Hi Ros,
tl;dr
Proof readers are not acceptable, but some of this intervention should come for free from the lecturer, fellow students and Learning Support. However, this assumes the assessment method is correct, which it might not be.
Let'a play a little game. Student A writes an essay and shows it to one of the following:
1) a fellow student B on A's course
2) his/her tutor
3) someone paid to review the work
Q1 Which of these three are legitimately allowed to change/rewrite any of it?
Q2. What are the three allowed to contribute that is legitimate in an academic case where this is assessed work?
My model answer, assuming traditional assessment techniques and university regulations would be:
Q1. None. If a lecturer could not be expected to rewrite work, no one else should; modifying text is not supervision, it's collaboration at best, or collusion. If an assignment is individual work, there is a threshold of acceptable intervention that the lecturer must manage.
Q2. Very little, sadly. Given we are assuming traditional assessment, which is already broken, fellow students (a great learning resource) are prohibited; lecturers are unable/unwilling to provide the level of supervision necessary, especially if the language skills are that poor; paid proof readers (as another poster suggested) could only legitimately provide the level of support a supervisor or Learning Support should be providing free, which does not include translation or rewrites.

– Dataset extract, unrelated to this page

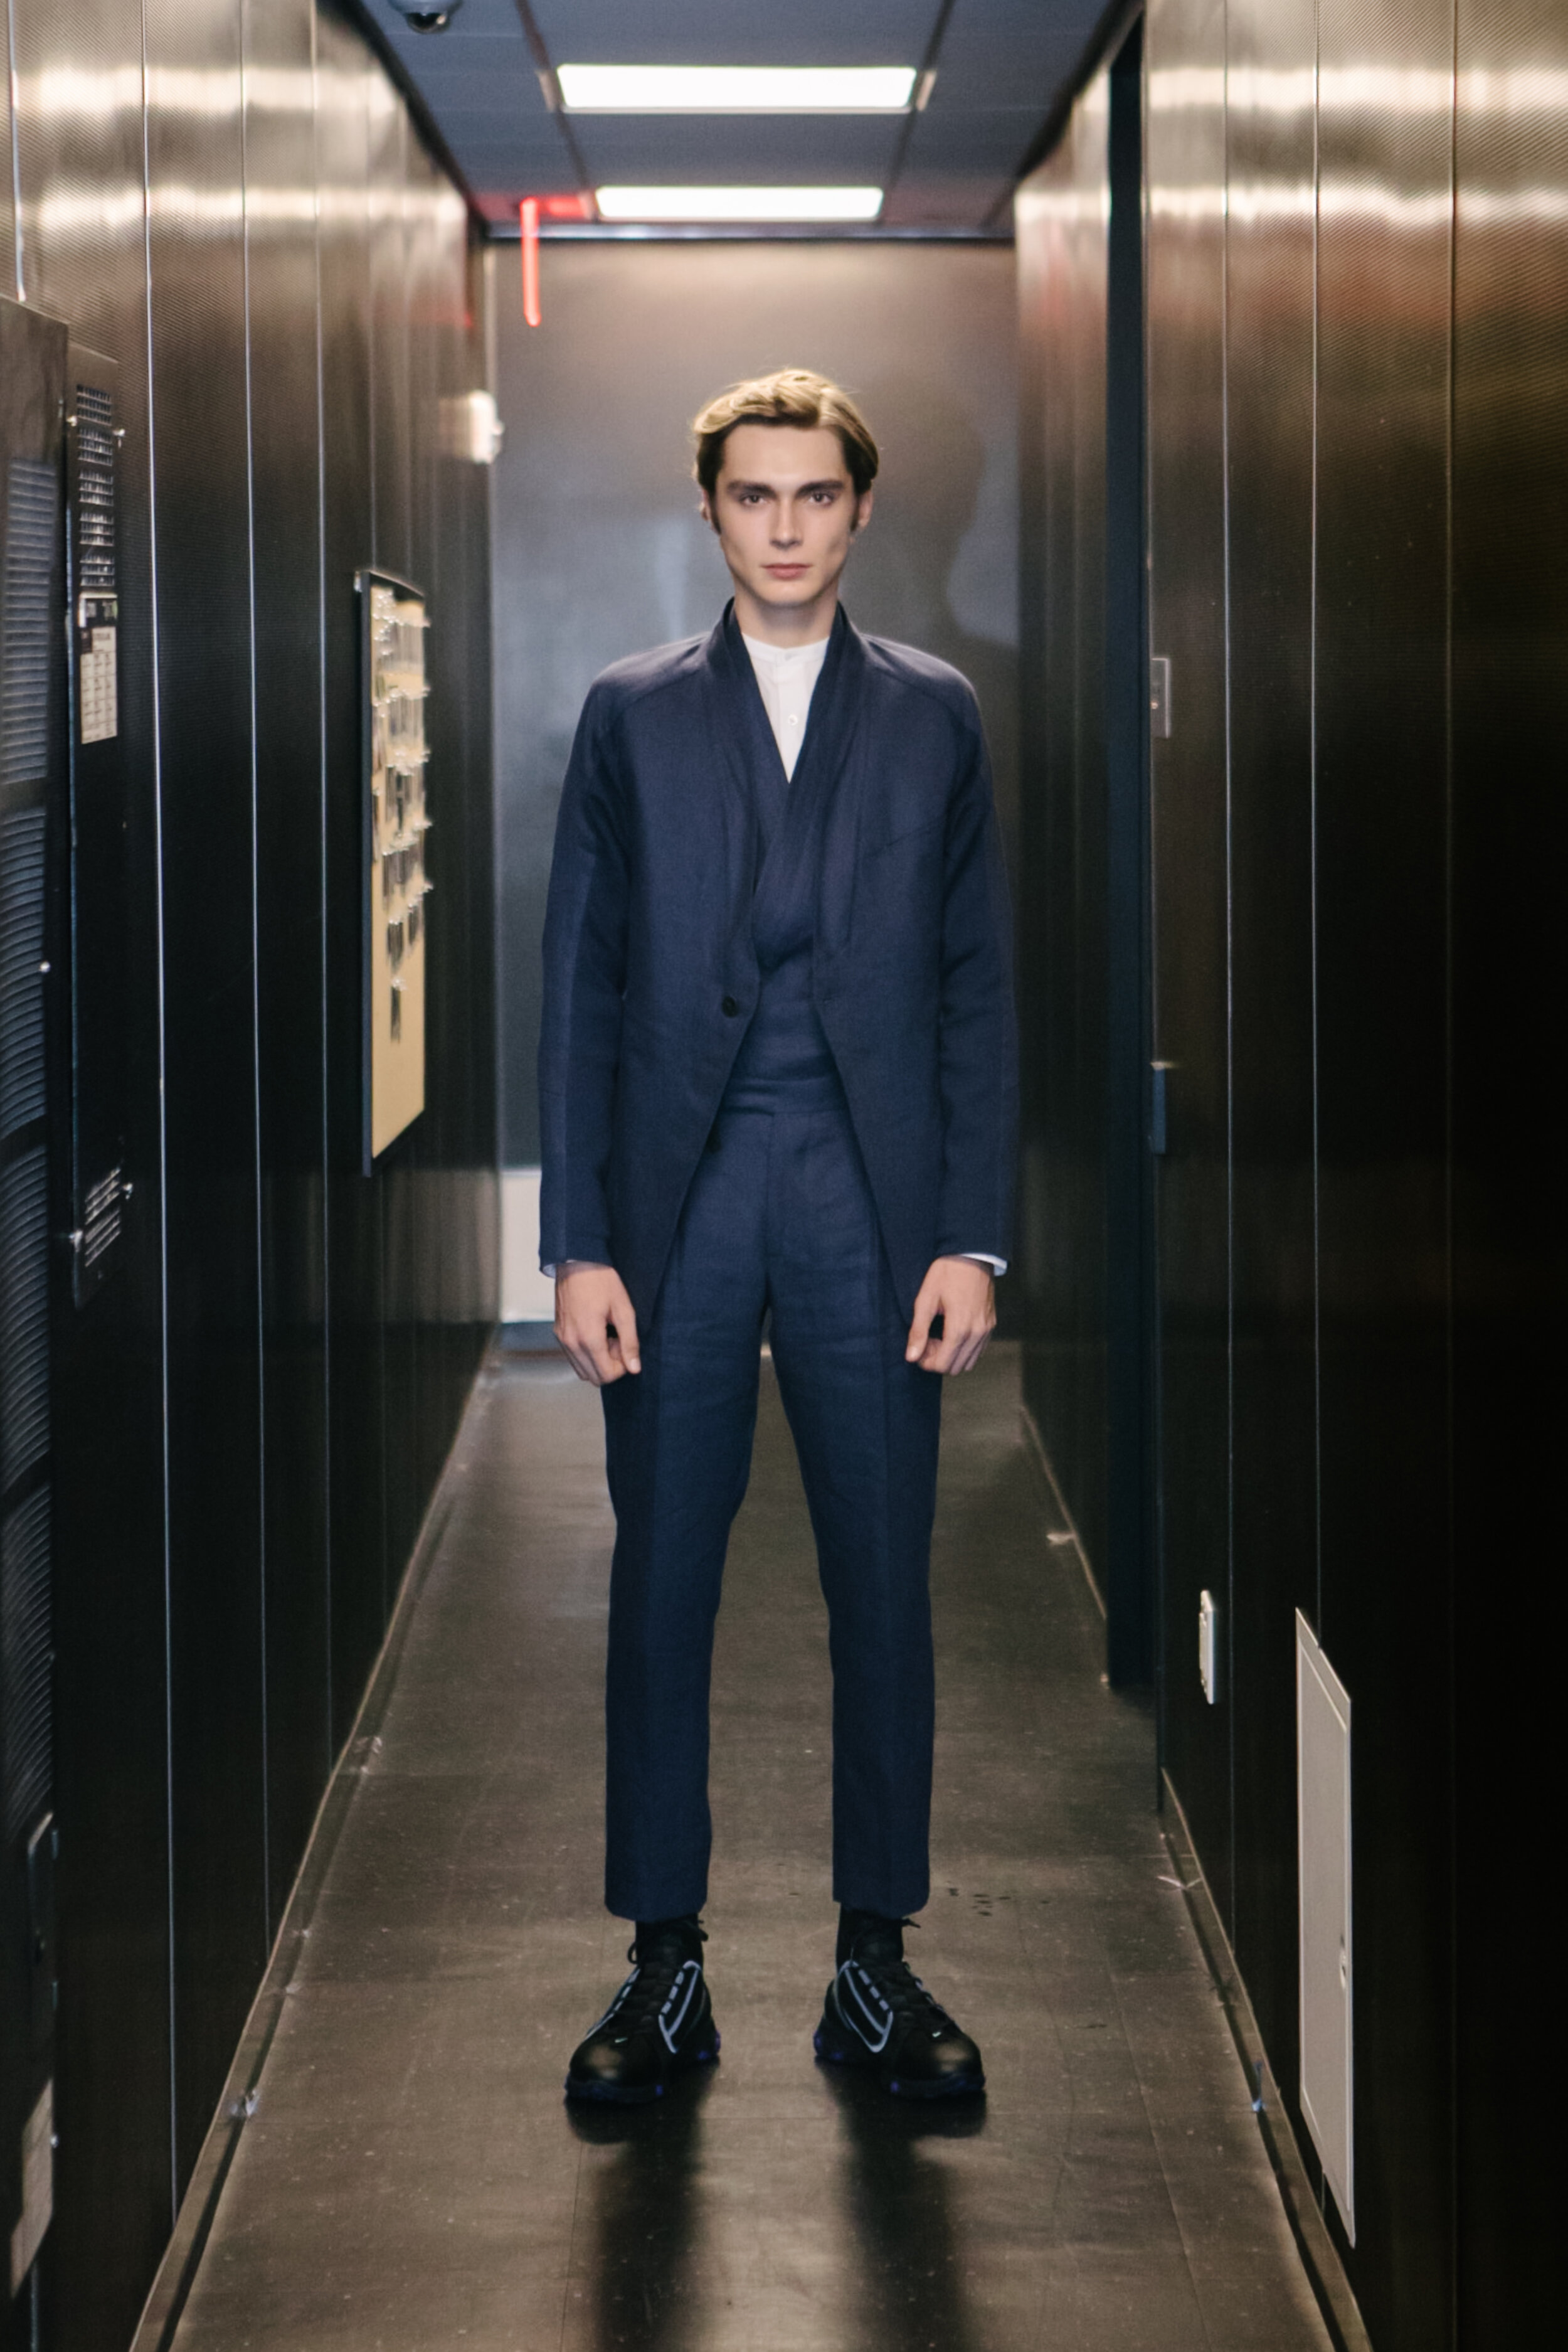 ARC Suit, 3-Piece, 2020   ARC Jacket, ARC Kimono Shirt, ARC Trouser    Available To Order Upon Request →

The real question is what is being assessed and how is learning supported. If ability to write graduate level English is vital, a proof reader is not acceptable, and Learning Support units needs to be resourced properly to provide this service free for all, if the lecturer cannot; if admissions have accepted a student's level of English is sufficient, then the institution has to support that student. If the ability to construct an assignment individually is critical, most support is inappropriate. If in depth knowledge of the discipline is required, is an essay the best form of assessment?